İnsanların yaşlandıkça sosyal işaretlere karşı daha duyarsız olduklarını fark ettiniz mi? Bunun bilimsel bir sebebi var.
“Yaşam Süresince Duygusal Duyarlılık: Yüzdeki İfade Yoğunluğuna Karşı Duyarlılıkta Klinik Risk Dönemlerinin Haritasını Çıkarmak” isimli yeni bir çalışma, her yaştan insanın sosyal işaretlerdeki ince değişiklikleri nasıl tespit ettiğini detaylı bir şekilde inceliyor.
McLean’s Hastanesi’ndeki araştırmacılar, çalışma süresince 10 ila 85 yaşları arasındaki 10.000 kadın ve erkek üzerinde duygusal hassasiyeti ölçen dijital bir test uyguladılar. Araştırmacılar bu test ile bir kişinin, yüz ifadelerindeki korku, öfke ve mutluluk gibi ince farklılıkları algılama yeteneğini ölçtüler.
McLeans’s Hastanesi’nde başyazar ve araştırma görevlisi olan Doktor Lauren A. Rutter katılımcıların, yüz görüntülerini gösteren web tabanlı bir platform kullanılarak test edildiğini ve onlardan bu yüzlerin o anda nasıl hissettiğine karar vermelerinin istendiğini açıkladı.
McLean Psikiyatrik Teknoloji Enstitüsü ile Beyin ve Bilişsel Sağlık Teknolojileri Laboratuvarı’nın direktörü olan Doktor Laura Germine, uygulanan testi şöyle açıkladı: “Bugüne kadar yapılan çalışma ve kanıtlara dayanarak, bir ergenin deneyimlerinin orta yaşlı veya yaşlı bir kişiden daha farklı olduğunu biliyoruz. Bu çalışma ile yaşanan deneyimlerin, temel duyguların anlaşılmasındaki farklılıklarla ne şekilde bağlantılı olduğunu anlamak istedik.”

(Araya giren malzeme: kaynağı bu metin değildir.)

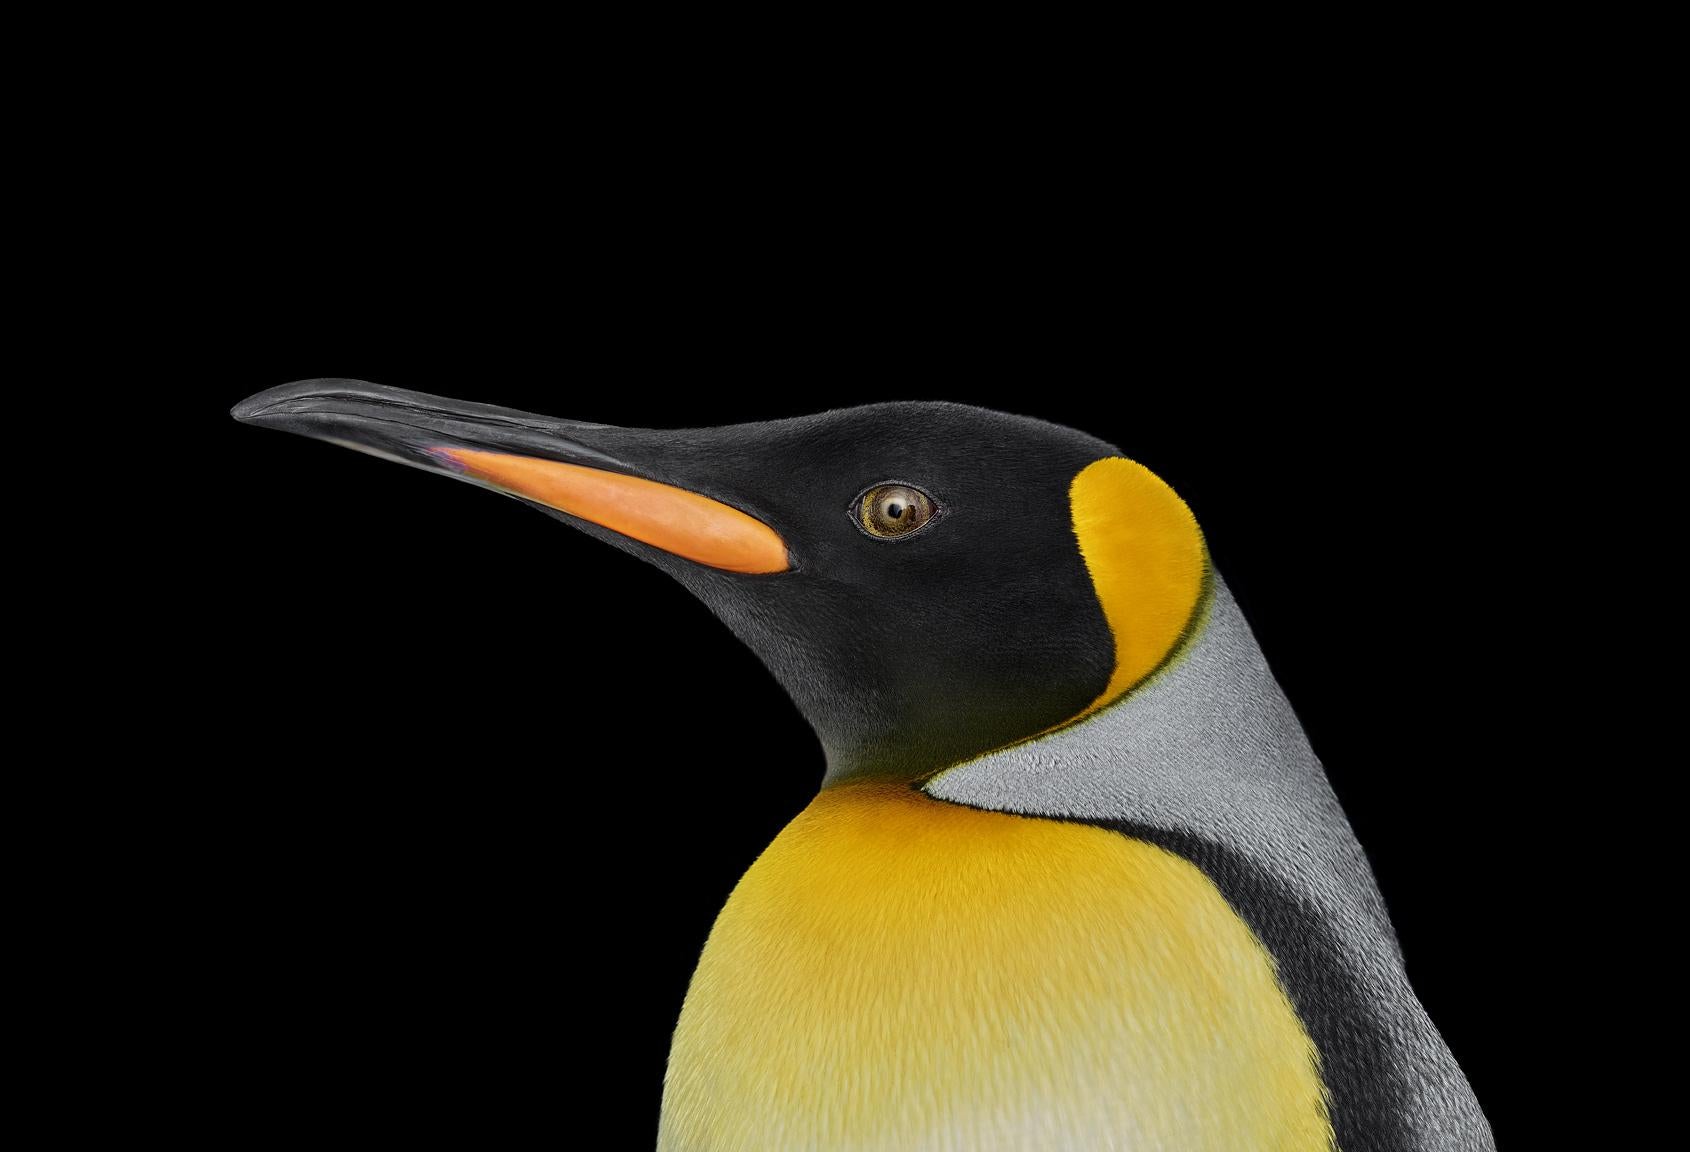 'King Penguin #1, Albuquerque, New Mexico, USA, 2019' is a limited-edition photograph by contemporary artist Brad Wilson from the ‘Affinity’ series which features studio portraits of wild animals. 

This photograph is sold unframed as a print only.

Çalışma ayrıca duygusal duyarlılığın ergenlik döneminde geliştiğini ortaya koydu. Öfke işaretlerine olan duyarlılığın, ergenlik döneminin başından ortalarına kadar çarpıcı bir şekilde arttığı tespit edildi. Bu yaş dönemi, özellikle gençlerin en çok zorbalığa ve diğer sosyal tehditlere maruz kaldığı yaş dönemi olarak biliniyor.
Daha yaşlı kişilerde ise korku ve sinir gibi yüz işaretlerine karşı duyarlılığın azaldığı görülüyor. Ancak pozitif yüz işaretlerini algılama yeteneği olduğu gibi kalıyor. Yaş aldıkça birçok görsel algı yeteneği azalsa da, mutluluk algısında düşüş görülmüyor. Bu da yetişkinlerin, ergenlere nazaran daha pozitif duygulara ve daha pozitif bir bakış açısına sahip olduklarını gösteriyor.
Bu çalışmanın bulguları gelecekteki çalışmaları da etkileyebilir. Araştırma ekibi şimdi, duygusal duyarlılığın anksiyete ve depresyon gibi farklı ruh sağlığı yönleri ile nasıl bir ilişki içerisinde olduğunu inceliyor.